Personal information
- Full name: Jacob Weitering
- Born: 23 November 1997 (age 28)
- Original team: Dandenong Stingrays (TAC Cup)
- Draft: No. 1, 2015 national draft
- Height: 196 cm (6 ft 5 in)
- Weight: 101 kg (223 lb)
- Position: Key Defender

Club information
- Current club: Carlton
- Number: 23

Playing career^{1}
- Years: Club / Games (Goals)
- 2016–: Carlton / 214 (11)

Representative team honours^{2}
- Years: Team / Games (Goals)
- 2026–: Victoria / 1 (0)
- ^{1} Playing statistics correct to the end of round 22, 2026.^{2} Representative statistics correct as of 2026.

Career highlights
- Carlton Vice-Captain: 2022–; 2× John Nicholls Medal: 2020, 2023; All-Australian team: 2024; AFL Rising Star nominee: 2016; 22under22 team: 2016, 2019, 2020 (vc);

= Jacob Weitering =

Australian rules footballer (born 1997)

Jacob Weitering (born 23 November 1997) is an Australian rules footballer playing for the Carlton Football Club in the Australian Football League (AFL).

==Early life==
Weitering participated in the Auskick program at Mount Martha and played junior football for the Mount Martha Junior Football Club, before playing for the Dandenong Stingrays in the TAC Cup. He captained Victoria Country at the 2015 AFL Under 18 Championships, where he was selected in the under 18 All-Australian team. He was a member of the NAB AFL Academy in 2014 and 2015, and was awarded the Ben Mitchell Medal in 2015, voted by his peers as the player who best represents the values important to the AFL Academy.
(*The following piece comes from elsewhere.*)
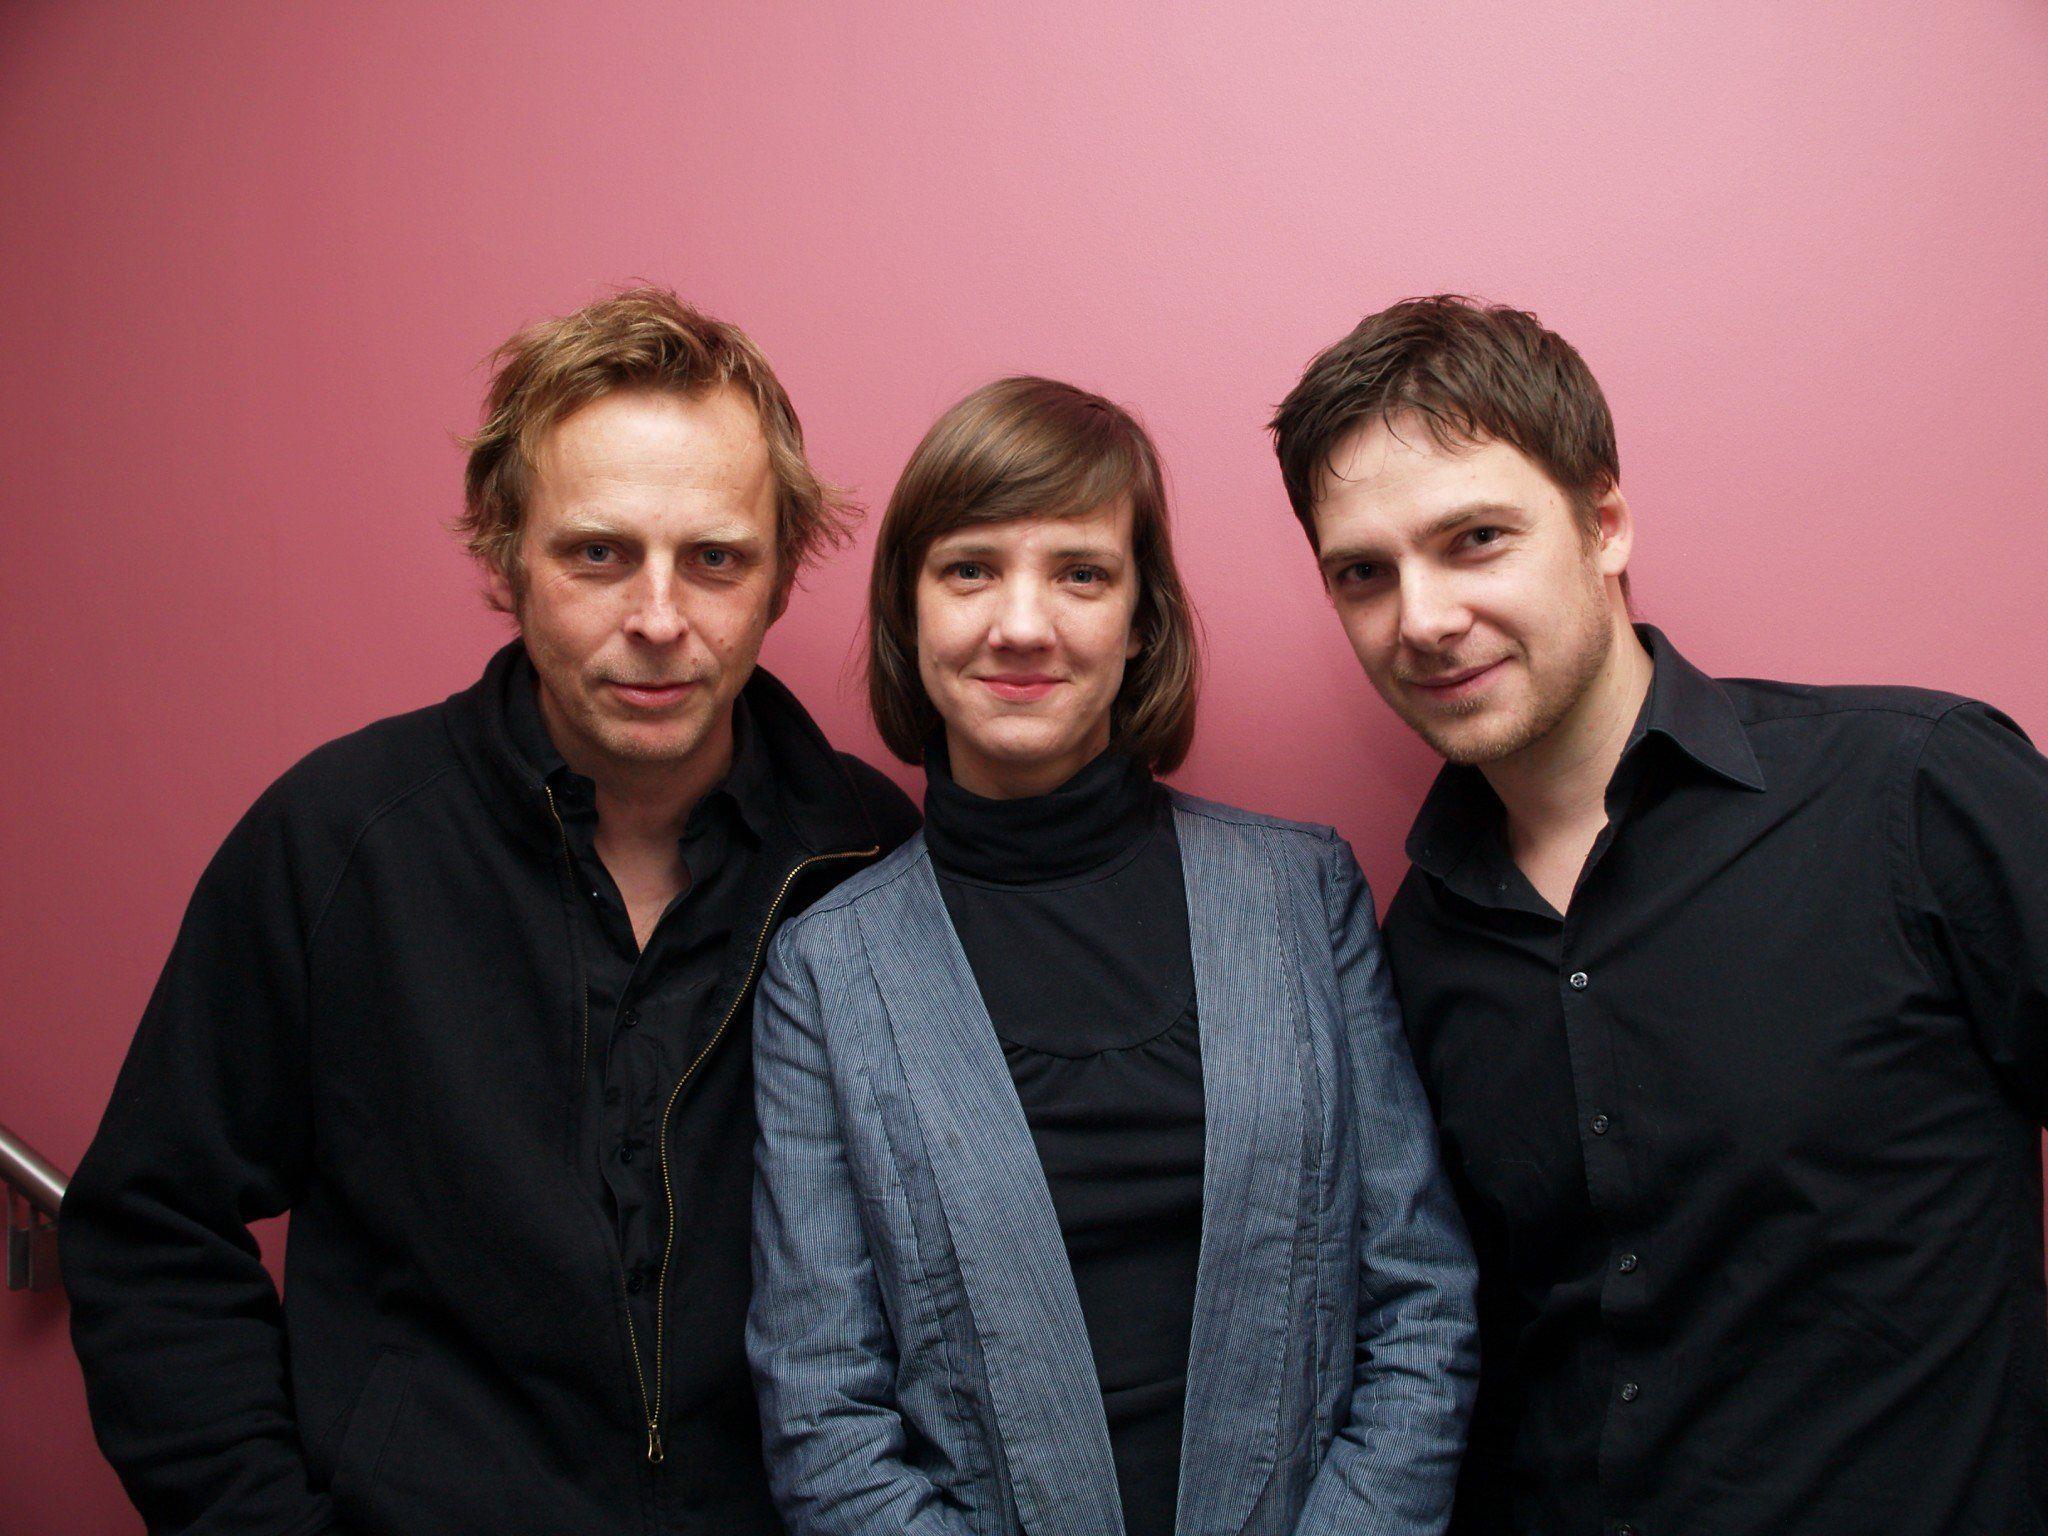 Regisseur Florian Flicker, Doris Scheidtinger und Schauspieler Stefan Pohl
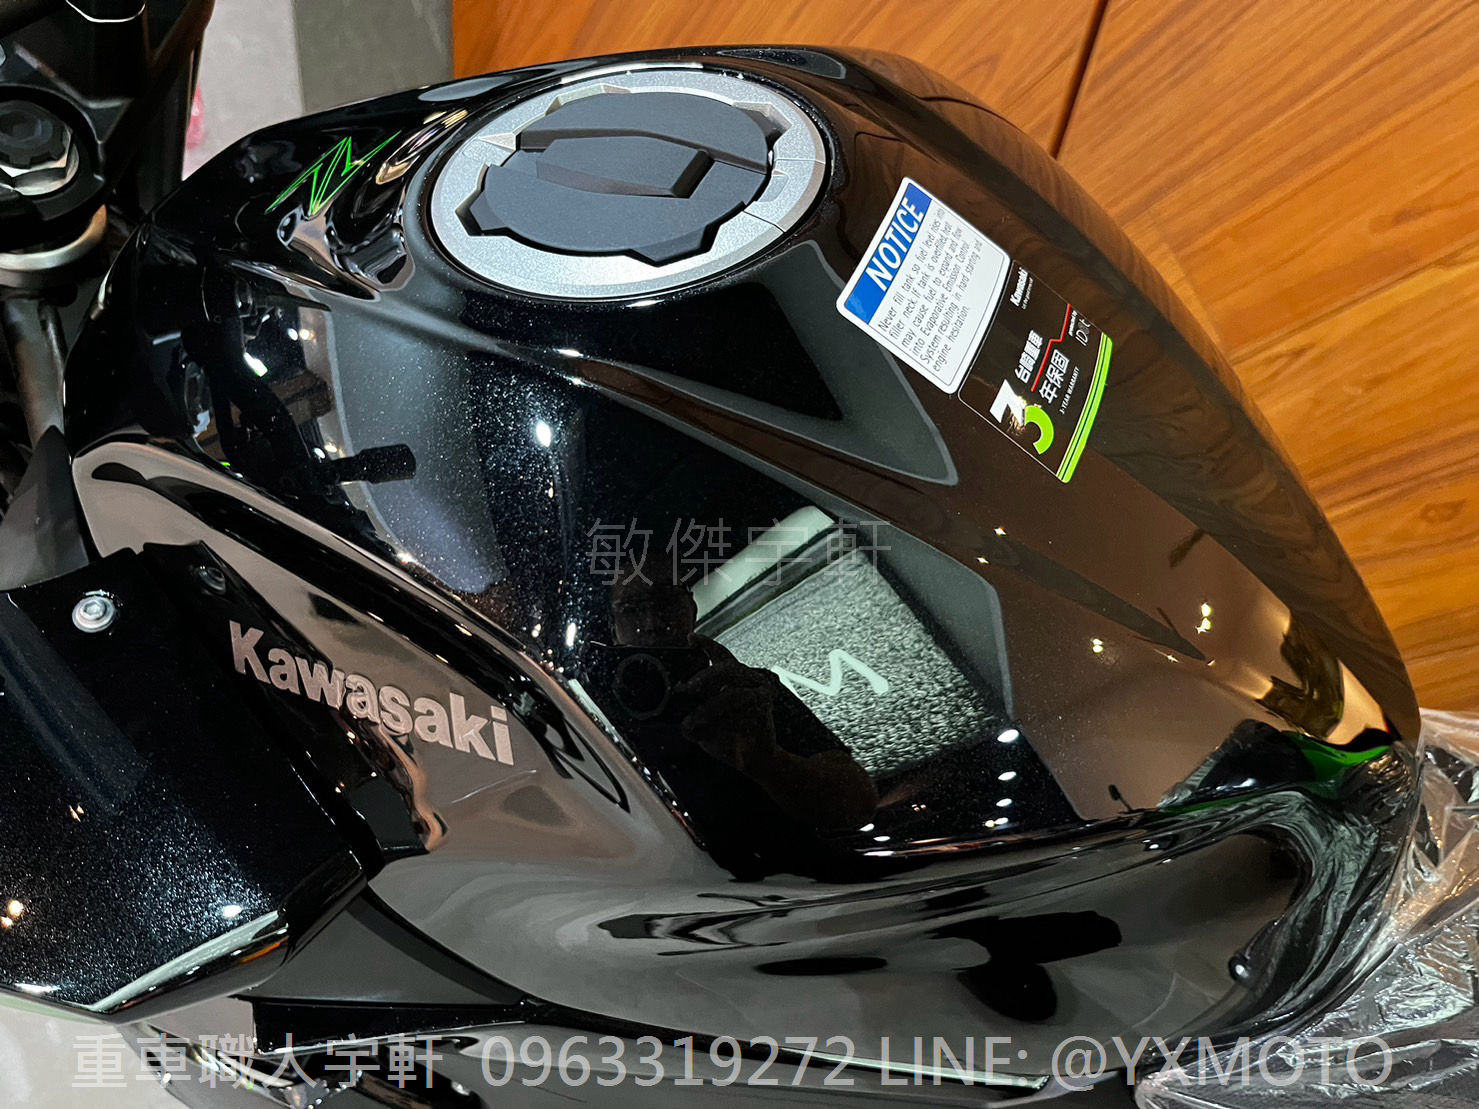 KAWASAKI Z400新車出售中 【敏傑宇軒】全額72期零利率 ! 2023 KAWASAKI Z400 黑綠色 總代理公司車 | 重車銷售職人-宇軒 (敏傑)

He was drafted with the first selection in the 2015 national draft by the Carlton Football Club.

==AFL career==
Weitering made his debut in round 1, 2016 against Richmond. Weitering had a solid debut with 17 disposals and 7 marks. He was named the 2016 AFL Rising Star nominee for round 3 following an impressive display against the Gold Coast Suns in which he had 26 disposals and took nine marks.

After an impressive 2020 season, Weitering was awarded the John Nicholls Medal as Carlton's best and fairest player of the season.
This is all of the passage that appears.